Streuobstlehrpfad im Hockgraben

Im Hockgraben in der Nähe der Universität haben wir Hochstammbäume entlang der Fußwege gepflanzt und einen Streuobstlehrpfad angelegt. Dort wurden Informationstafeln aufgestellt und die verschiedenen Obstsorten mit Schildern gekennzeichnet. Leider werden die Tafeln immer wieder durch Vandalismus zerstört. Wir wollen daher den Lehrpfad auf der Jungerhalde etablieren.

Kindergruppen

Um der nächsten Generation die Thematik und Wichtigkeit der Streuobstwiesen etwas näher zu bringen, finden regelmäßig Veranstaltungen der BUND-Kindergruppen „Spatzen“, „Käfer“ und „Spechte“ auf der Jungerhalde oder im Hockgraben statt.
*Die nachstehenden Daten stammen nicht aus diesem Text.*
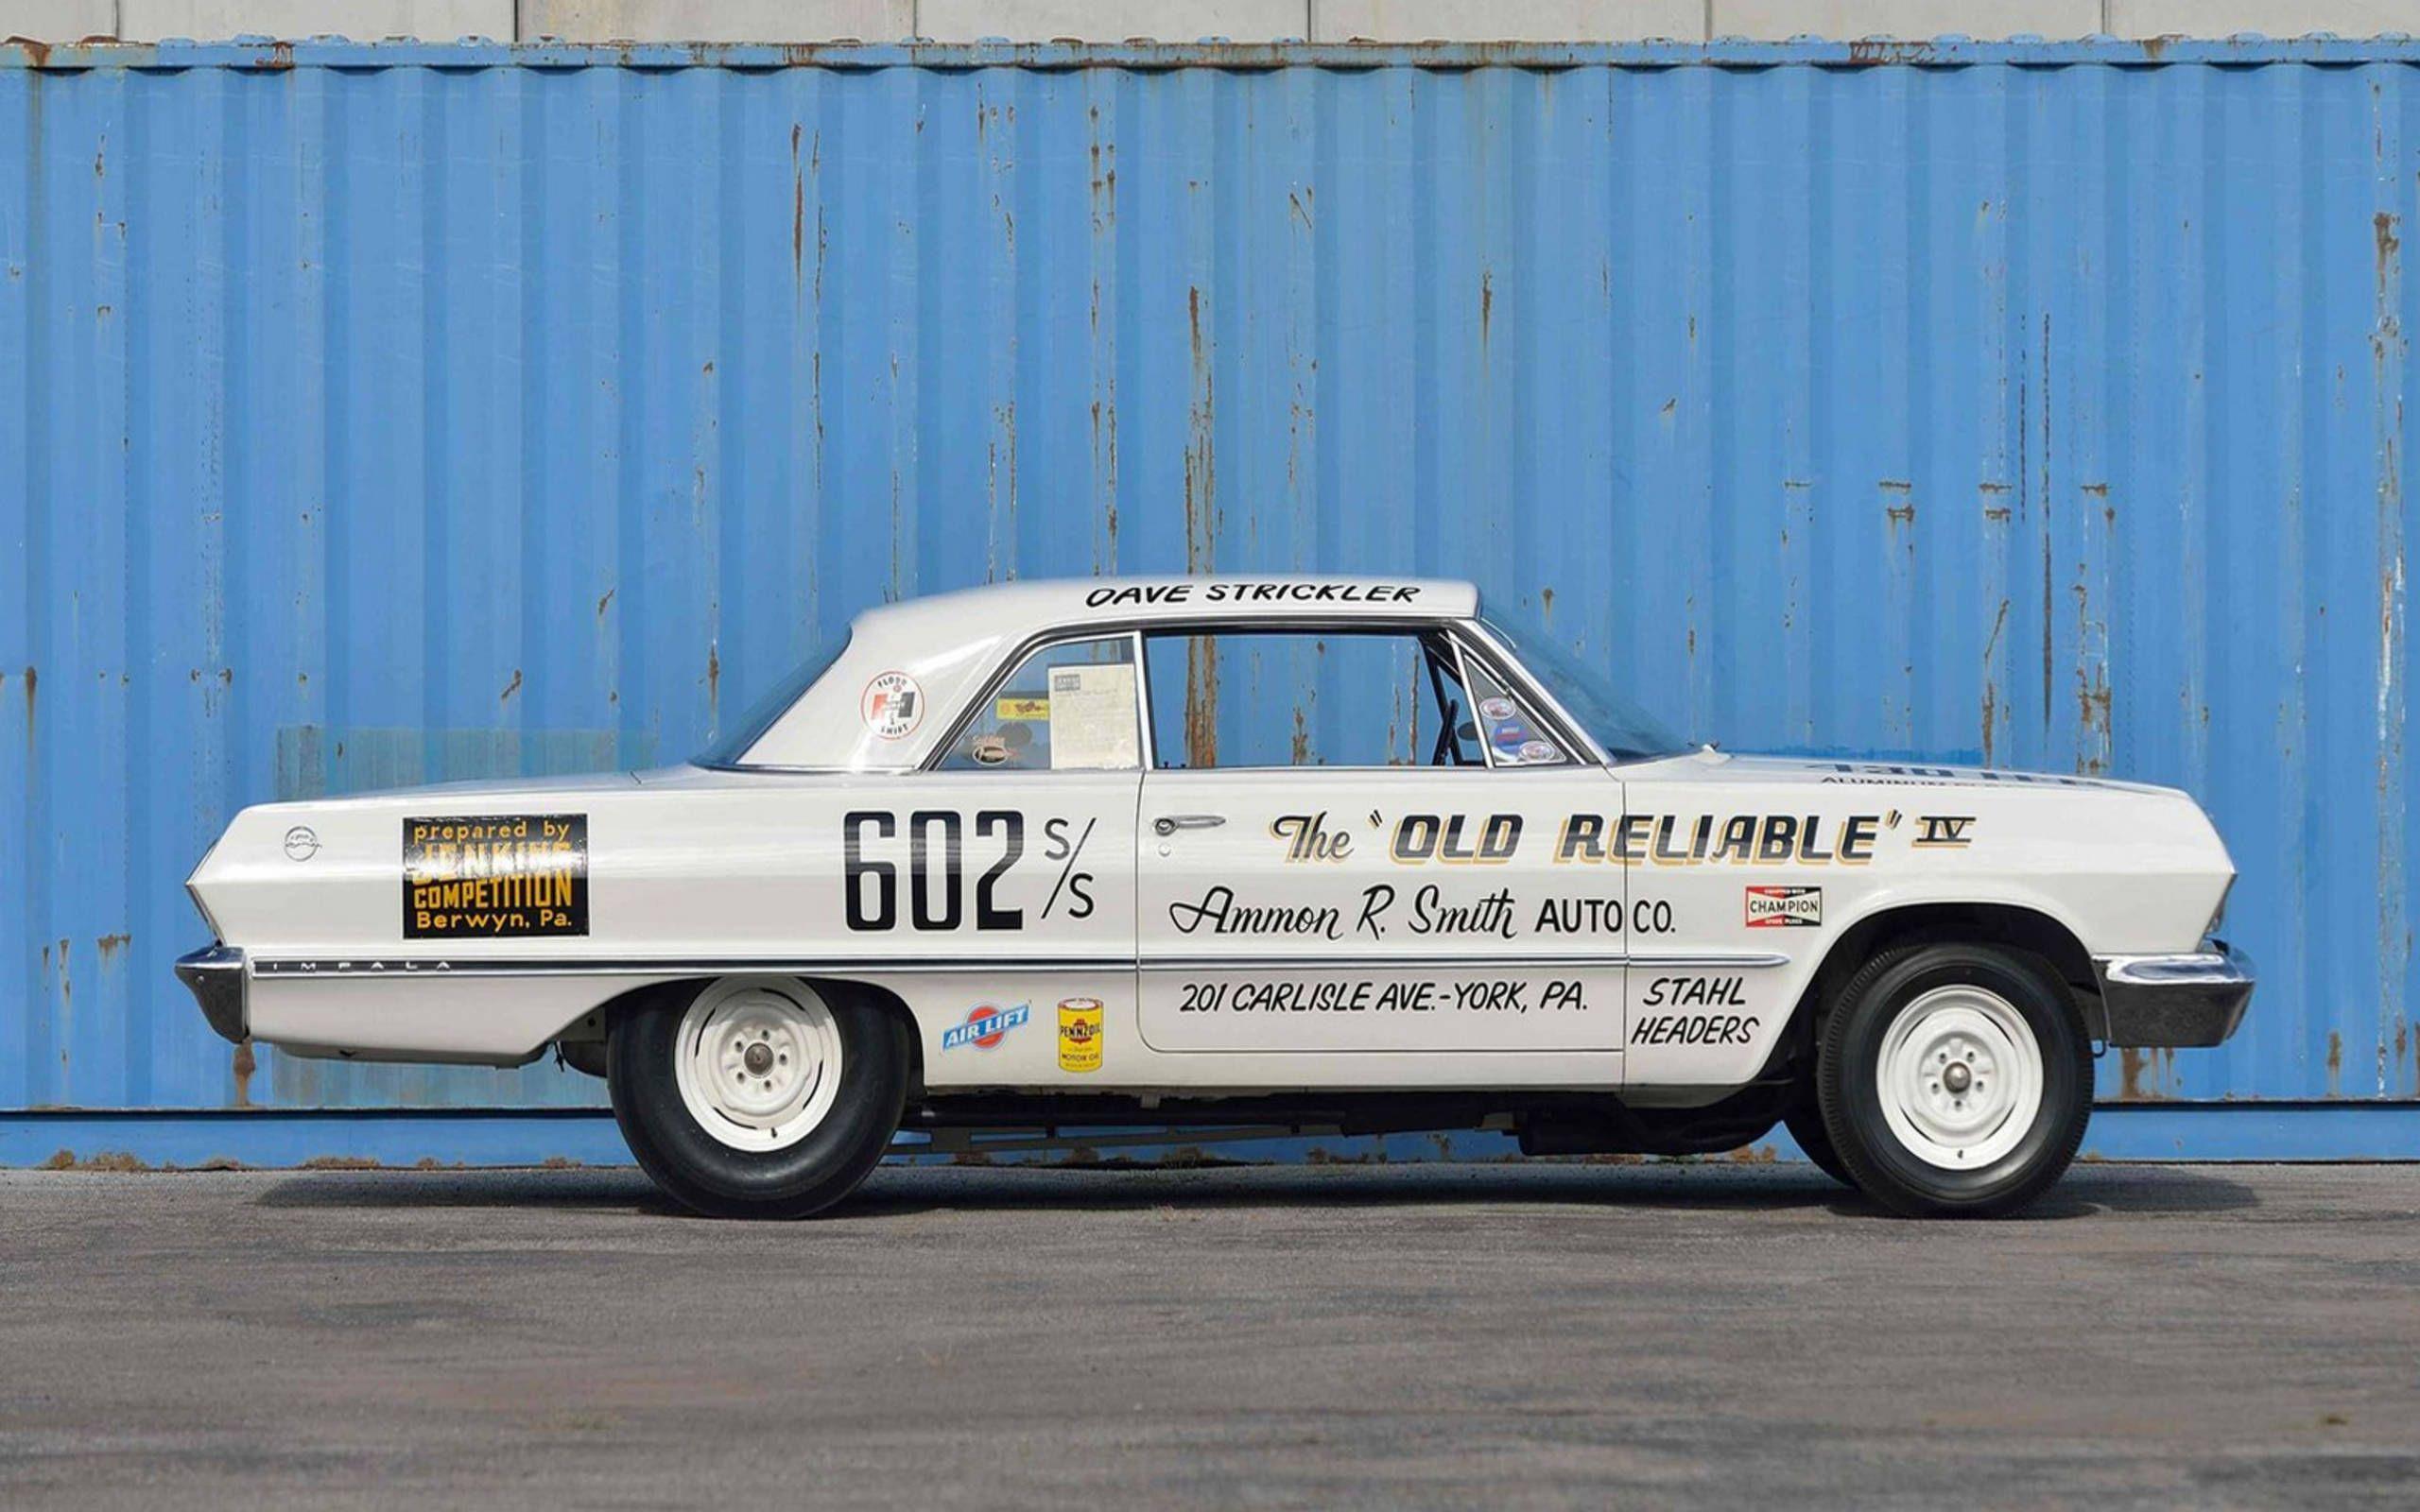 The 1963 Chevrolet Impala Z11 Lightweight

Im Frühling, wenn alles blüht, wird die Bestäubung erklärt, wobei der Wildbienenstand auf der Jungerhalde natürlich ein sehr schönes Anschauungsmaterial darstellt. Im Herbst treffen sich die Gruppen, um gemeinsam Apfelsaft zu pressen. Dabei lernen sie nicht nur das Saftpressen, sondern auch vieles über die verschiedenen Apfelsorten, deren Aussehen und deren Geschmack.

In Kindergärten

Viele Konstanzer Kindergärten haben in ihren Gärten Kirsch-, Apfel- oder Birnbäume. Meist sind diese Hochstämme schlecht gepflegt. Der BUND Konstanz knüpft hier an und besucht mit den Kindergärten unsere Streuobstwiesen. Die Kinder bekommen Geschichten über Bäume erzählt, machen Spiele und dürfen helfen, die Bäume zu schneiden. Im Herbst wird das Obst gesammelt und gemeinsam Saft gepresst. Eine Aktion, die Spaß macht, und Interesse und Verständnis für die großen, voll Leben steckenden Bäume weckt.
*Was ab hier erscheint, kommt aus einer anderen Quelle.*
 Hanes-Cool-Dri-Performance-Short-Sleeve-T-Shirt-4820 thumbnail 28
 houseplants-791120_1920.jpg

In Zusammenarbeit mit den Erzieherinnen werden die Naturkenntnisse bei Streuobstwochen in Kindergärten der Konstanzer Stadteile Litzelstetten und Dingelsdorf ergänzt. Wir beteiligen uns auch in verschiedenen Projekten des Bildungshauses Dingelsdorf. Bildungshäuser sind ein Pilot-Projekt des Kultusministeriums B.-W. Es wird ein pädagogischer Verbund von Grundschule und Kindergarten erprobt.

Jugendbegleiter an der Allmannsdorfer Grundschule

Darüber hinaus arbeitet der BUND mit der Allmannsdorfer Grundschule zusammen, die in der Nähe einer der Streuobstwiesen liegen. Die Lehrer wählen passend zum Lehrplan Schwerpunkte aus, die BUND-Aktiven vermitteln an einem Samstag und im Ganztagesbetreuungsbereich Erstklässlern und ihren Familien Naturwissen vor Ort. Sie sollen die sie umgebenden Streuobstwiesen neu wahrnehmen und sich über die Veranstaltung hinaus dafür verantwortlich fühlen.

Die Familien bekommen über eigens erfundene Wissensgeschichten humorvolle Einblicke, in denen man erst auf den zweiten Blick merkt, wie wissensreich diese Naturforschergeschichten doch sind.

Mit Märchen und aktiven, integrierten erlebnispädagogischen Theaterspielen auf der grünen Wiese wird der ganzen Familie Freude in der Natur- und Umweltbildung bereitet. Das Kulturelle im Sozialen wird beflügelt, der Klassenverband gestärkt und der Kontakt unter den Familien natur- und heimatverbunden belebt.